Having laid out the virtues of Japan in this way, Dai Jitao, however, emphasizes that those virtues are already disappearing from early Shōwa-era Japan, saying, “I have now visited Japan for the first time in six years, and what I saw and heard gave me a sense of a different world.” Nostalgic for the “good old” Japan of 20 years prior, when “capitalism was immature,” “class division by money” was still weak, and “life was not as hard as it is today,” the author laments the change in the minds of the Japanese people from “peace” to “non-peace,” from “religious faith” to “superstition” (of the divine nation and divine authority).
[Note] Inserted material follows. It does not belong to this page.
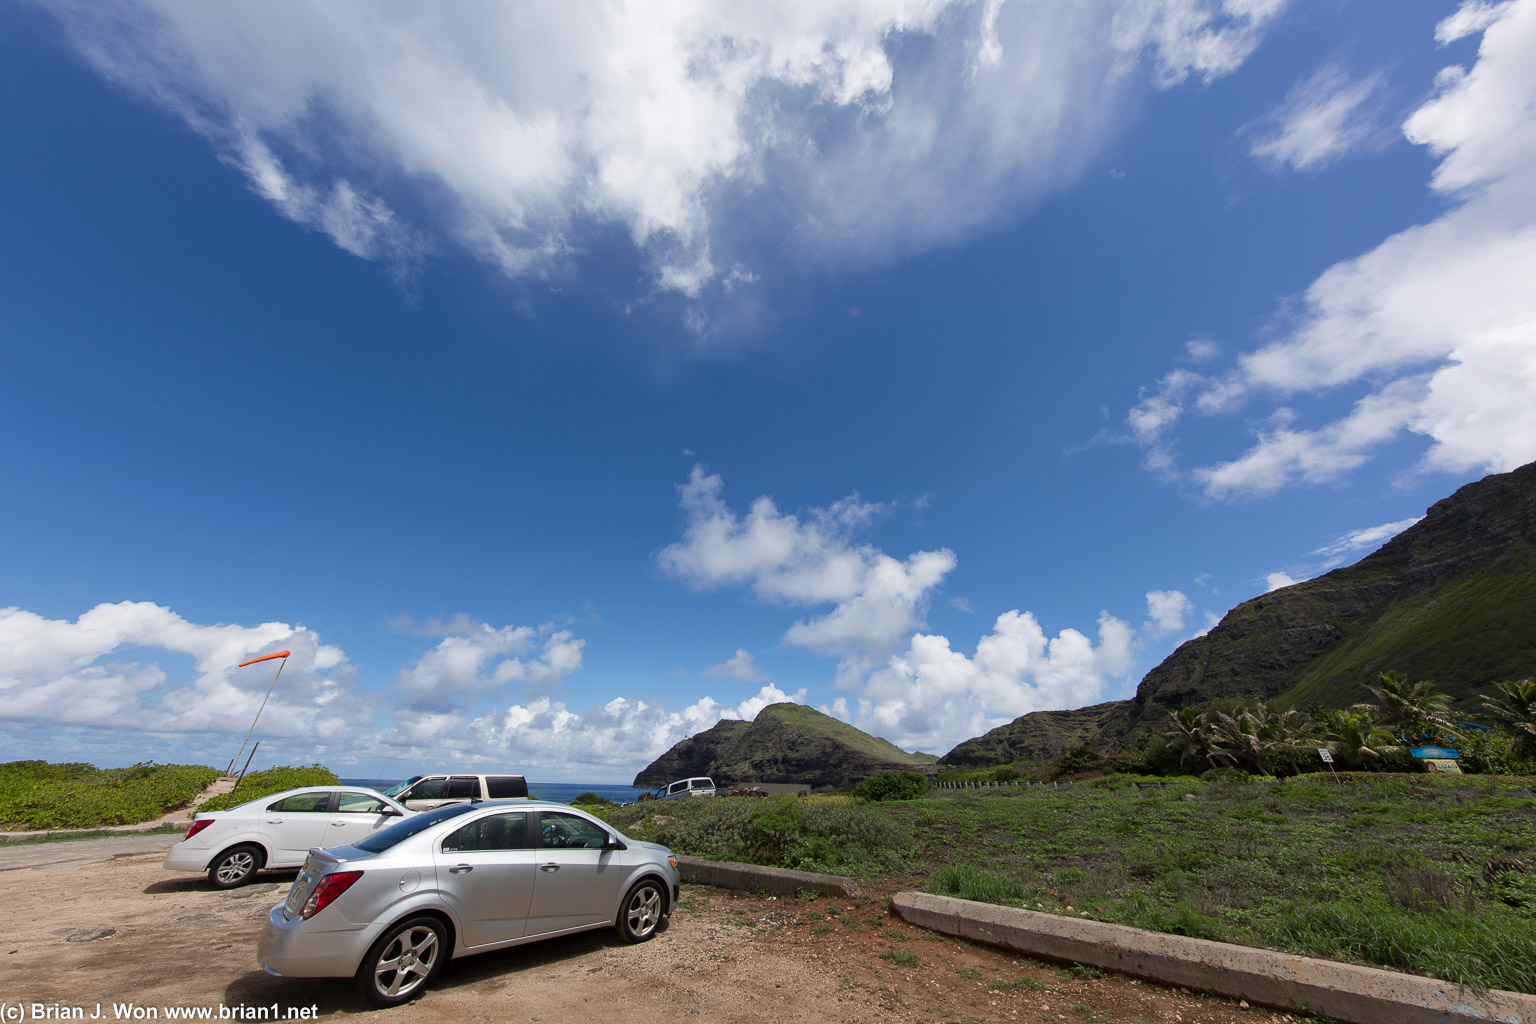 Makapu'u Point and a highly pimp Chevy Sonic rental car.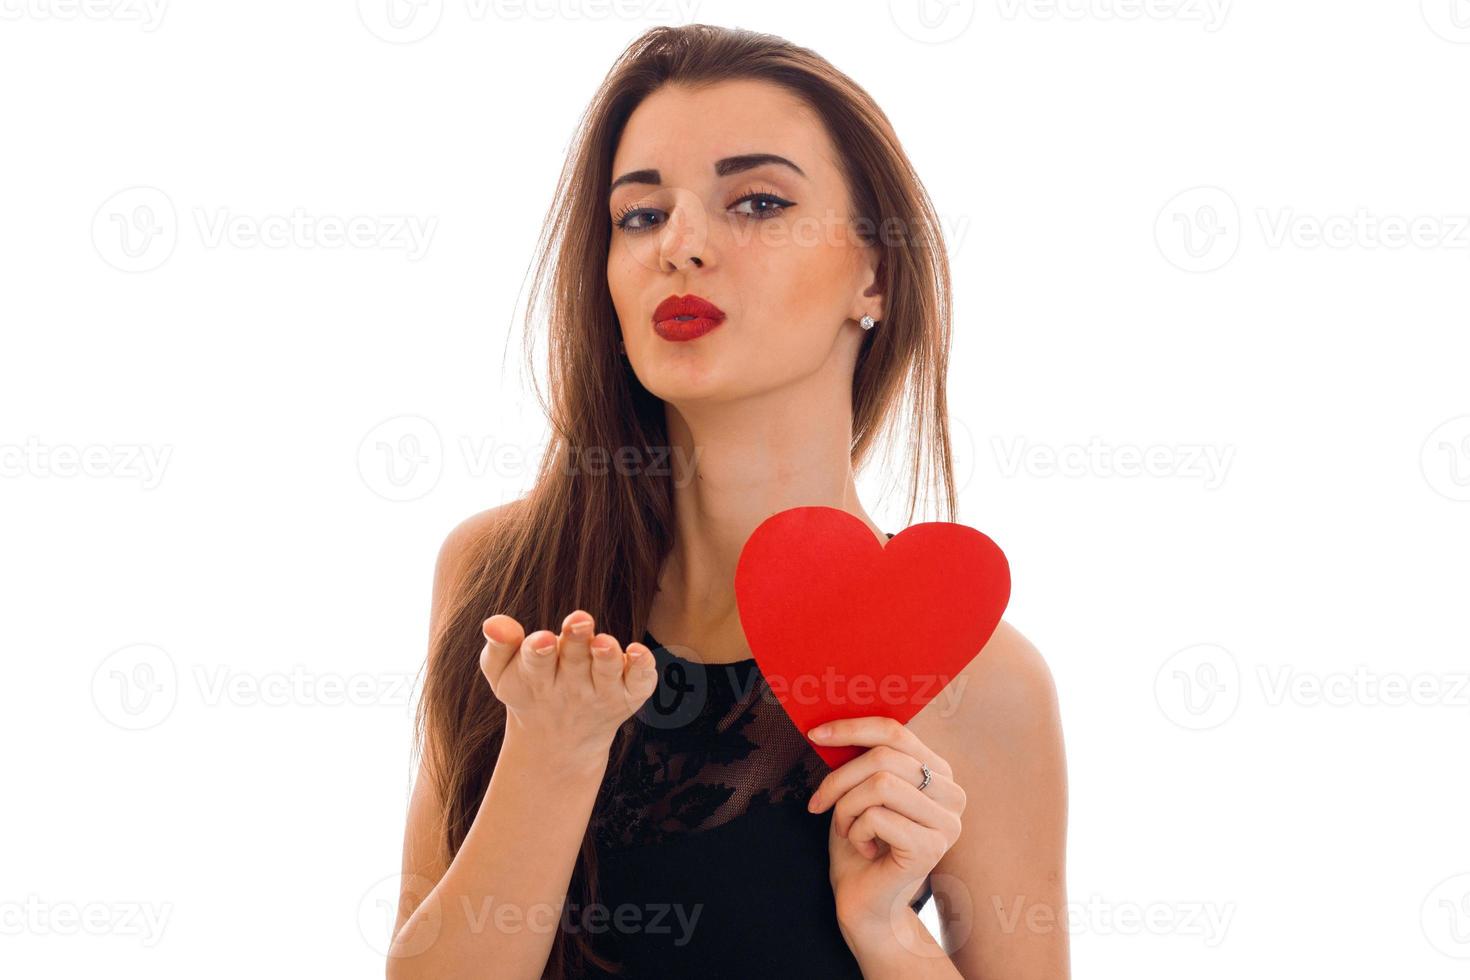 young charming woman with red lips preparing to celebrate valentines day with heart symbol in studio isolated on white background photo

The man with a view towards synthesis notes that since Japan’s “martial spirit and peace” were originally one and the same, this change is in fact a sign of the decline of the Japanese people’s martial spirit, and that their excellent “self-confidence” and “religious faith” are now being undermined by a calculating and ruthless “mercantile spirit”.

The Manchurian Incident would occur 4 years later.